Nach zwei Minuten zementiert sich langsam ein Fluchtgedanke, ich will nicht mehr. „Du siehst doch noch gut aus, du hast Farbe im Gesicht und keine blauen Lippen“, ermutigt mich Hofmann. Jetzt fängt der Spaß doch erst an, sagen Arnea und Milat, die komplett entspannt wirken. Ich will antworten, kriege aber keinen geraden Satz heraus.
Nach drei Minuten beginnt das Zittern. Kein nervöses Zittern, sondern ein Beben, das aus der Körpermitte ausstrahlt. Ich schaue Hilfe suchend ans Ufer, dann zu Hofmann, der es schafft, mich mit seinen Worten und Blicken zu beruhigen.
Nach vier Minuten richten wir uns endlich auf. Auf dem Weg zum Ufer überkommen mich bereits Glücksgefühle, der Körper bemerkt, dass die Ausnahmesituation überstanden ist. Wenn man die extreme
Belastung hinter sich gelassen hat, stoße der Körper Endorphine aus, erklärt Hofmann. Das merke ich in den folgenden Minuten immer deutlicher. Ich bin euphorisch und auch ein bisschen albern. Das Gefühl erinnert mich an meine Jugend, als ich die ersten Male die Wirkung von Alkohol gespürt habe und dachte, die Welt läge mir zu Füßen.
Mein Körper schlottert und meine Zähne klappern, ich darf mich aber noch nicht anziehen und auch von einer warmen Dusche im Anschluss rät Hofmann mir ab – wenn, dann erst am Abend. Wir bewegen unsere Arme, um das Blut wieder zum Zirkulieren zu bringen. Erst dann geht es wieder in die Klamotten, doch das ist schwerer als gedacht. Füße und Hände fühlen sich geschwollen an, das Feingefühl ist weg. Als ich endlich angezogen bin, jagen Schauer über meinen Rücken, die Haut britzelt. Das Zeichen einer guten Durchblutung, sagt Hofmann.
Doch warum eigentlich Eisbaden? Bei regelmäßiger Anwendung kann sich das Immunsystem verbessern, eindeutig wissenschaftlich bestätigt ist das aber nicht. Gesichert scheint der Effekt der besseren Durchblutung,
was einen stabilisierenden Effekt auf den Blutdruck und das HerzKreislauf-System hat. „Es wirkt jedoch vor allem gut gegen das Wintertief, das viele von uns jedes Jahr durchlaufen.“Viele würden schlecht gelaunt zum Eisbaden kommen und gehen gut gelaunt nach Hause. Bei vielen halte dieses Hoch viele Tage an.

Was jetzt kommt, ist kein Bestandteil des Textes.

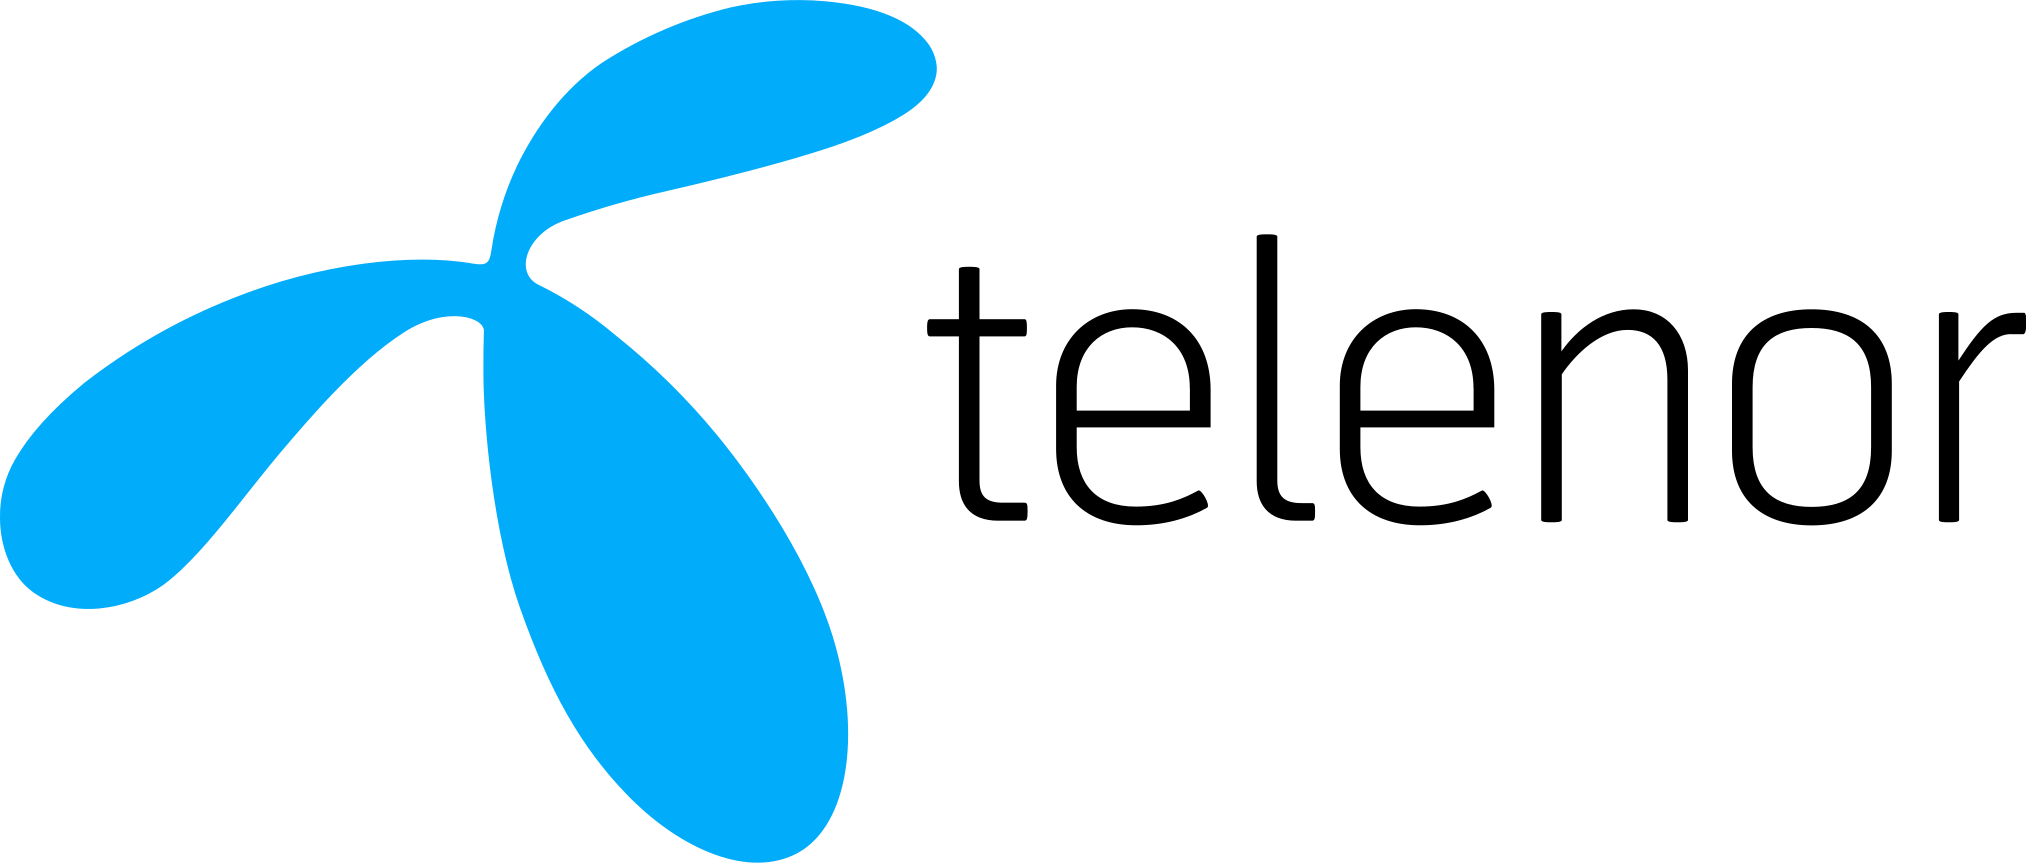 Telenor logotyp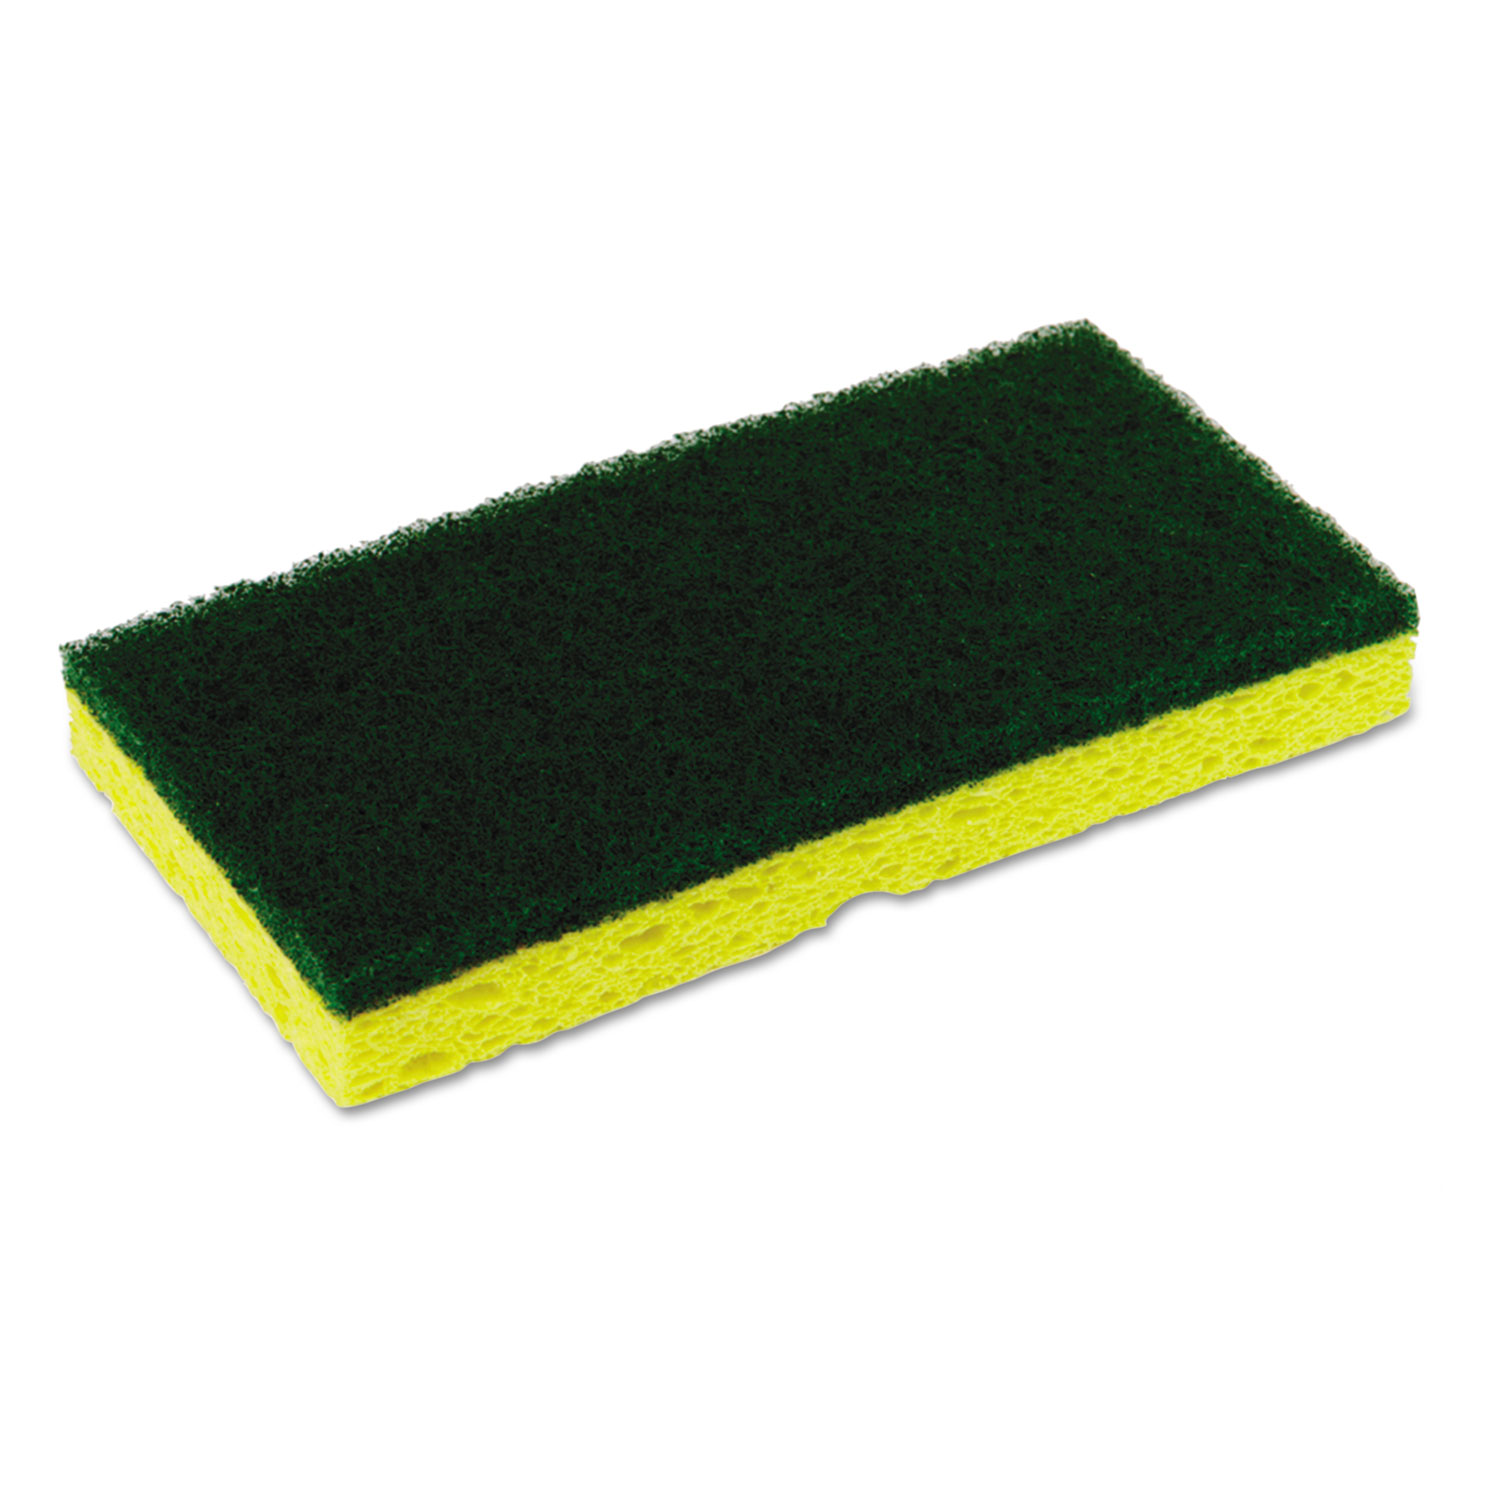  Continental SS652 Medium-Duty Scrubber Sponge, 3 1/8 x 6 1/4 in, Yellow/Green, 5/PK, 8 PK/CT (CMCSS652)

Bei mir hält die Euphorie den restlichen Tag, auch mein Körper braucht eine ganze Weile, um sich zu regulieren. Mal ist die Haut kalt, dann brennen Oberschenkel und Füße plötzlich. Am Tag darauf fühle ich mich aber schon wieder ganz normal, ich bin weder schlapp noch voller Energie.
Geschadet hat es mir also nicht, regelmäßig würde ich jedoch nicht eisbaden. Die Intensität der Kälte und die ungeahnte Reaktion des Körpers haben mir eher Respekt eingeflößt als Lust auf mehr.